Надули лодку, поделили чучела и договорились так: Цукатов с Бросом сядут в плоскодонку, а Пётр Алексеевич возьмёт одноместную резинку.
Миновав сухую осоку и камыши, сквозь которые к лодочным привязям был пробит проход, вышли на открытую воду. Пётр Алексеевич помнил, что если плыть влево вдоль берега, то там, за мысом, вскоре начнётся череда камышовых заводей и береговых загубин, где они с Пал Палычем прошедшим августом стреляли утку с лодки. Туда он и решил направиться, поглядывая, где на воде качаются пёрышки – верный знак, что утка здесь уже садилась. Цукатов погрёб прямо, вглубь озера, где виднелась цепочка сливавшихся и распадавшихся камышовых островов – он намеревался сесть в засидку там.

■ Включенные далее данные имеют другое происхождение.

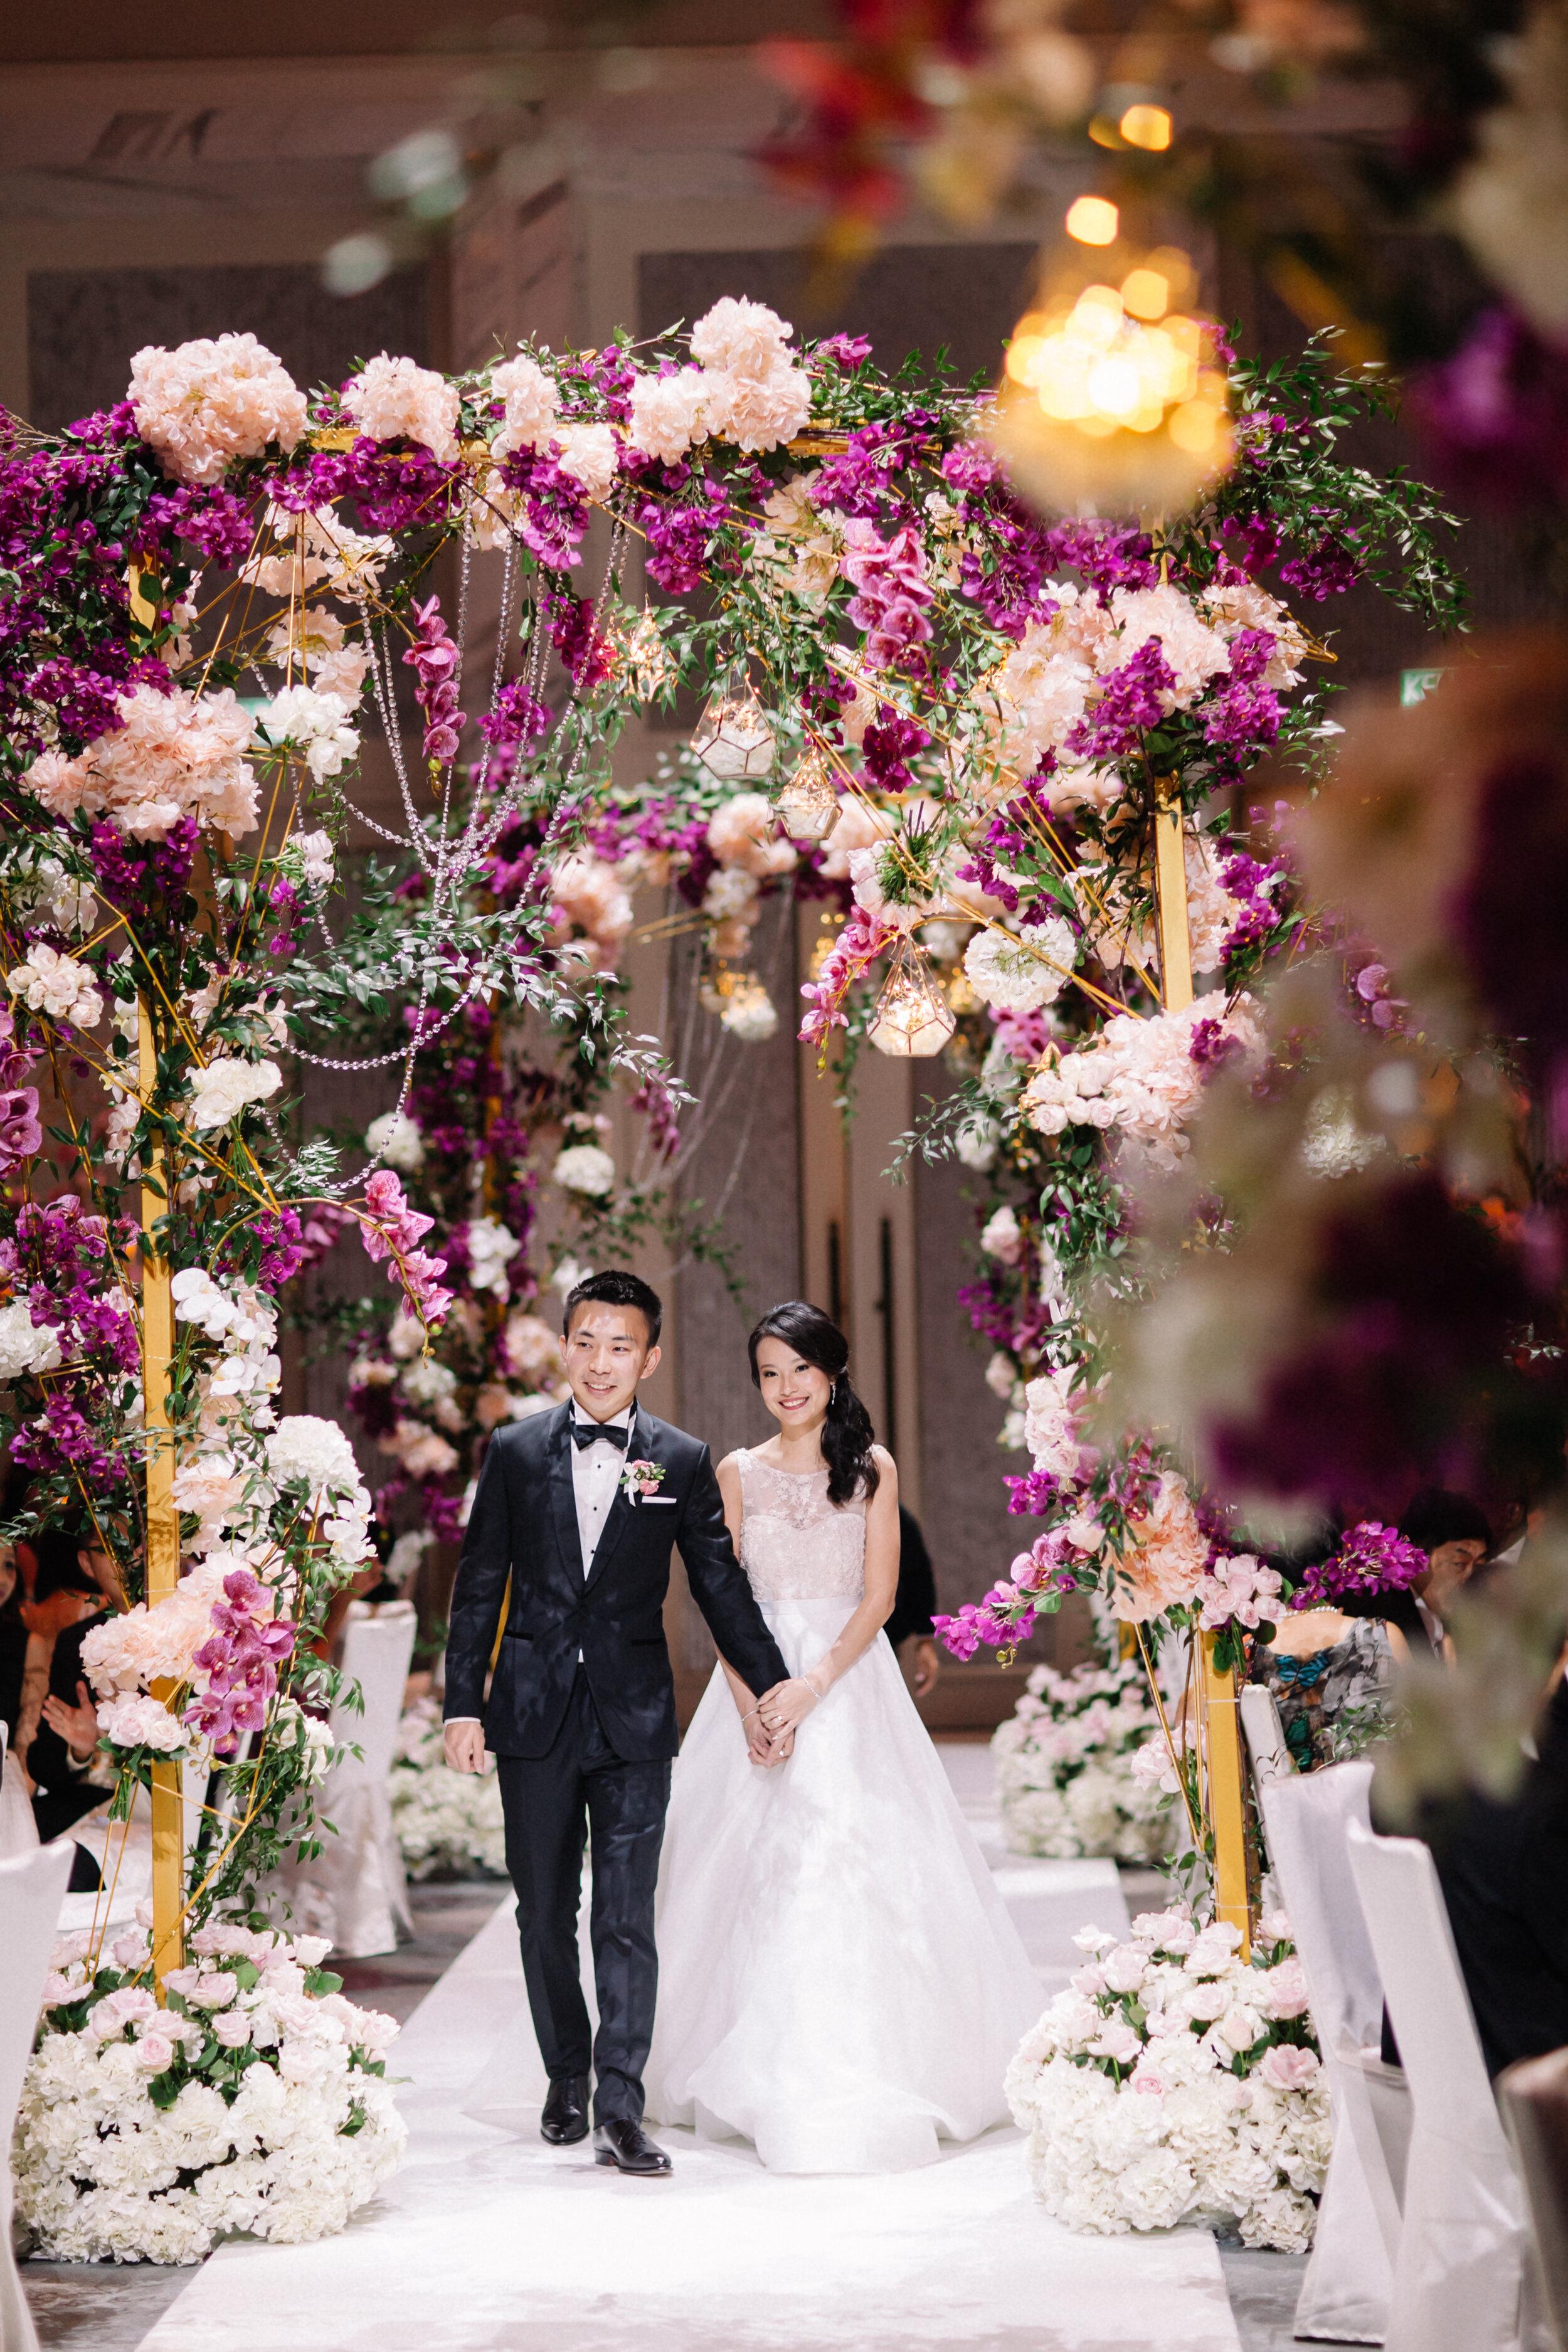 JIAMING & WHEY JINN - Hotel Grand Wedding at St. Regis Kuala Lumpur

Поодаль с места на место перелетали парами и небольшими стайками нырки и кряквы, над кромкой берега звонко кричали чибисы (здесь говорили «пиздрики»), плавно махали крыльями вездесущие ворóны, какие-то мелкие птахи в бурой прибрежной осоке невысоко вспархивали и как-то зло попискивали, словно уже исчерпали в состязании всё благозвучие своих голосов и теперь просто сквернословили. Ветер стих, лишь изредка покачивая камышины, но не оставляя следа на глади вод. Вдали на постепенно темнеющем, однако всё ещё посверкивающем зеркале паслись утиные табунки и несколько длинношеих лебедей. Гусей не было видно ни на воде, ни в огромном небе.

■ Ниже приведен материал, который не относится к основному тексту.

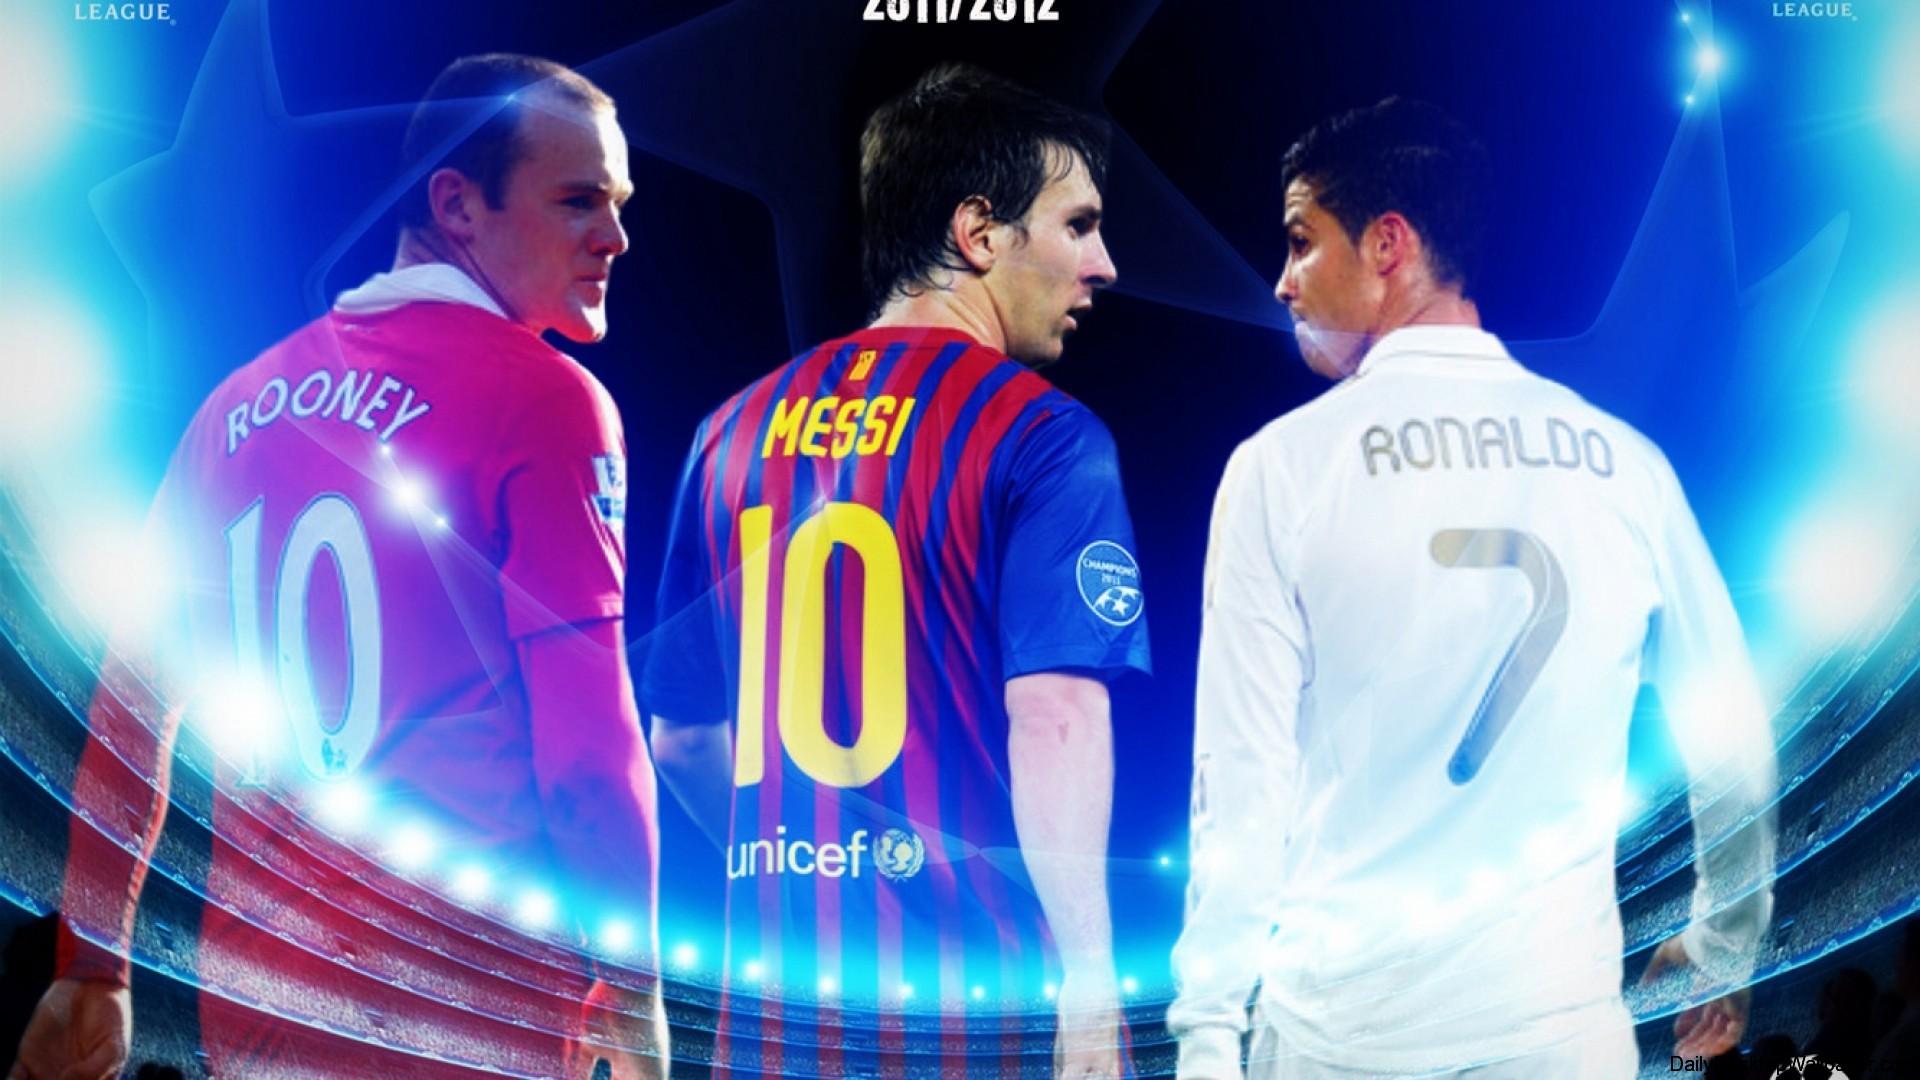 Champions League 2011 2012 Wallpaper wallpaper   964658 1920x1080

Потратив на поиски примерно четверть часа, Пётр Алексеевич приглядел довольно обширную заводь со следами утиной днёвки и удобными камышовыми зарослями, в дебрях которых легко можно было укрыть лодку. Замерив веслом глубину, Пётр Алексеевич размотал привязи грузил на чучелах и живописно расставил стайку, потом достал из коробки тут же заголосившую подсадную, привязал к ногавке бечёвку с тяжёлым железным болтом и определил утку возле компании пластмассовых сородичей. Та первым делом раз-другой окунулась с головой в воду, освежая перо.

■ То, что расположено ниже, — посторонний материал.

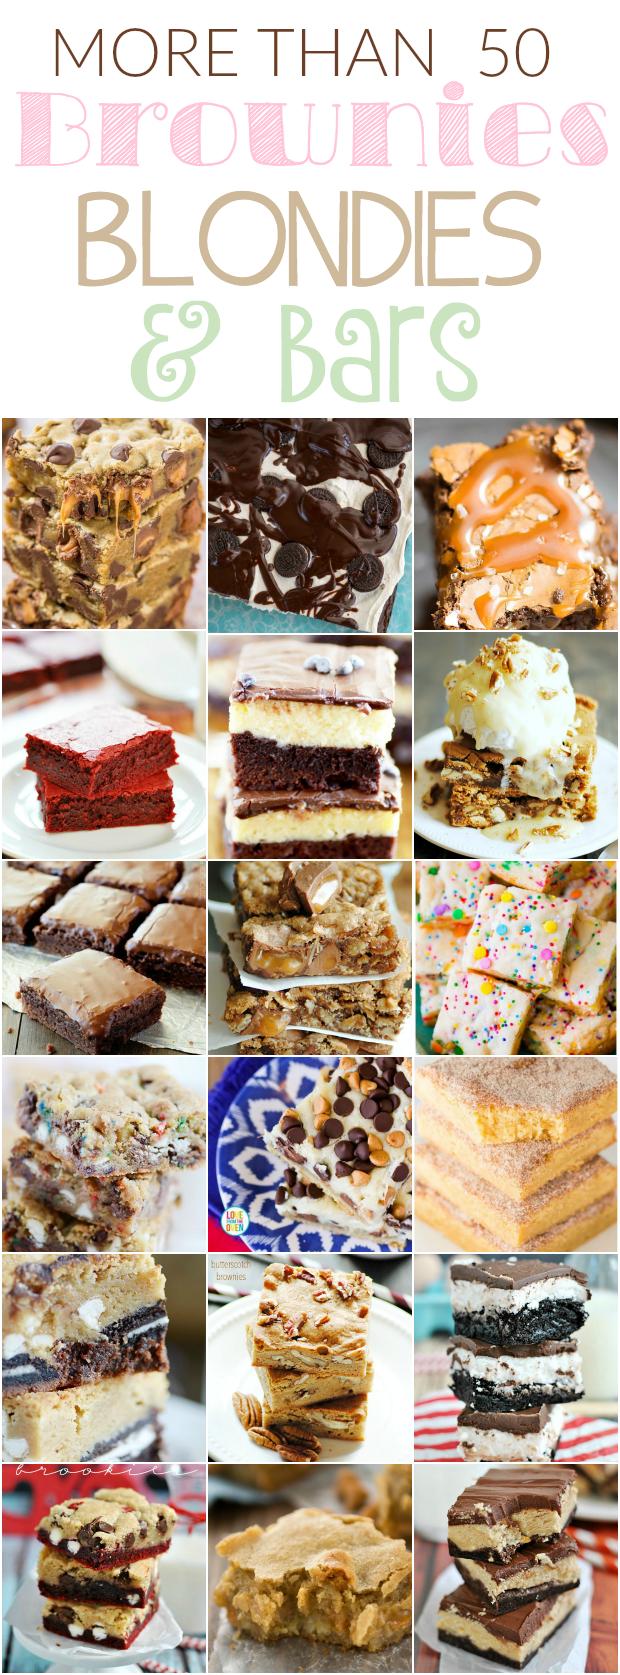 50+ Brownies and Bars Recipes

Как смог, Пётр Алексеевич разогнал резинку и врезался широким носом в камыши, стараясь засадить лёгкую лодочку как можно глубже в шуршащие заросли. Глубоко не получилось. Тогда он прощупал веслом дно и осторожно спустил ногу в болотнике за тугой борт. Ничего, встать можно. Пётр Алексеевич подтянул лодку так, чтобы зашла в гущину целиком, с кормой, потом прикрыл камышом со всех сторон, оставив прогляды на заводь, после чего удовлетворённо уселся на доску скамьи.
Ружьё положил на колени, нащупал в кармане куртки фляжку с коньяком, поудобнее поддёрнул патронташ, из другого кармана достал манки – на утку и гуся – и повесил их на шею. Всё – готов.
Подсадная в меркнущем свете уже завела монотонный утиный запев.
Селезень налетел, когда солнце ещё не закатилось. Позволив ему с шумом сесть на воду, Пётр Алексеевич ударил из нижнего ствола – дробь рассыпалась по воде, зацепив селезню зад и выбив из хвоста перо. Он дёрнулся в сторону, распахнул крылья, но вторым выстрелом, выцеливая так, чтобы не задеть ни подсадную, ни чучела, Пётр Алексеевич его положил. Пришлось выбираться из камышей за добычей, а потом снова прятать лодку в гущину.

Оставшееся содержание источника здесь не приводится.